←back to thread

Sampling with SQL

(blog.moertel.com)
175 points thunderbong | 1 comments | | HN request time: 0s | source
Show context
tmoertel ◴[] No.41899091[source]
Hey! I'm tickled to see this on HN. I'm the author. If you have any questions, just ask. I'll do my best to answer them here.
replies(2): >>41904092 #>>41904525 #
indoordin0saur ◴[] No.41904092[source]
Thank you! The thing I find tricky here is choosing the weight. I think maybe one obvious way you would want to weight samples would be for recency. E.g. if I have a table of user login events then I care about seeing more of the ones that happened recently but still want to see some of the older ones. Would the algorithm still work if I converted a `created_at` timestamp to epoch time and used that?
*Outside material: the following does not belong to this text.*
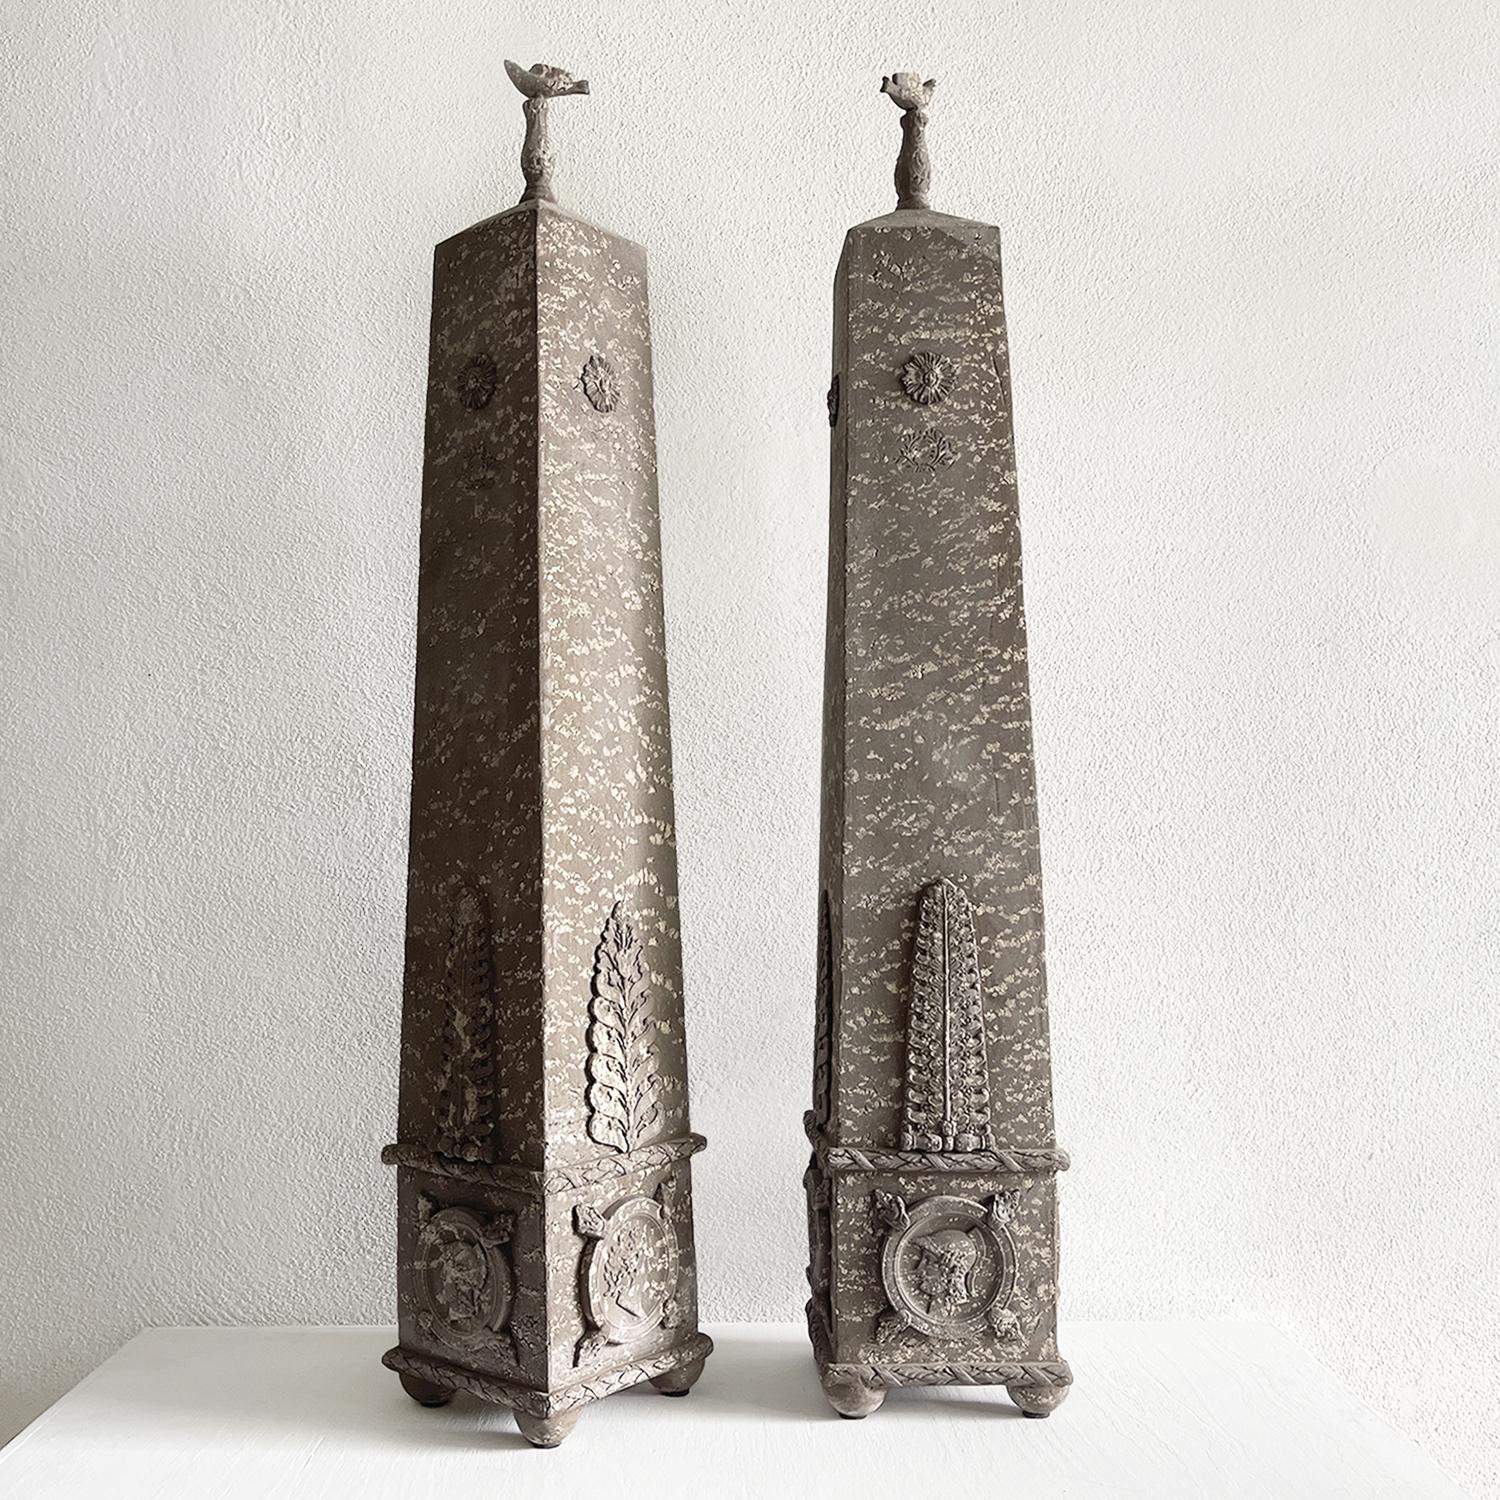 A vintage pair of terre cuite Obelisks in the new classical style, in good condition. The lower part is adorned with small reliefs of mythological profiles - the bodies are decorated with large acanthus leaves, and topped with a small bird. Wear

Or would I want to normalize it in some way?
replies(2): >>41904836 #>>41905441 #
1. tmoertel ◴[] No.41905441[source]
All of your `created_at` epoch times are going to be of similar magnitude, since they’re all about the same relative distance from the start of the epoch (usually 1970-01-01T00:00:00). So if you use them as weights directly, you’re in effect taking a uniform sample – every row has about the same chance of being chosen.

Based on what I glean about your scenario, I suspect you’d be better served by some kind of exponentially decaying weight based on age (i.e., age = current_timestamp ‒ created_at). For example, if you wanted to make your rows half as likely to be selected every time they grew another hour older, you could use `POW(2.0, -age / 3600)` as your weight, where age is given in seconds.

    duckdb> WITH Ages AS (
              SELECT age FROM UNNEST([0, 3600, 7200]) AS t(age)
            )
            SELECT age, POW(2.0, -age / 3600) AS w FROM Ages;
    ┌──────┬──────┐
    │ age  ┆ w    │
    ╞══════╪══════╡
    │    0 ┆  1.0 │
    │ 3600 ┆  0.5 │
    │ 7200 ┆ 0.25 │
    └──────┴──────┘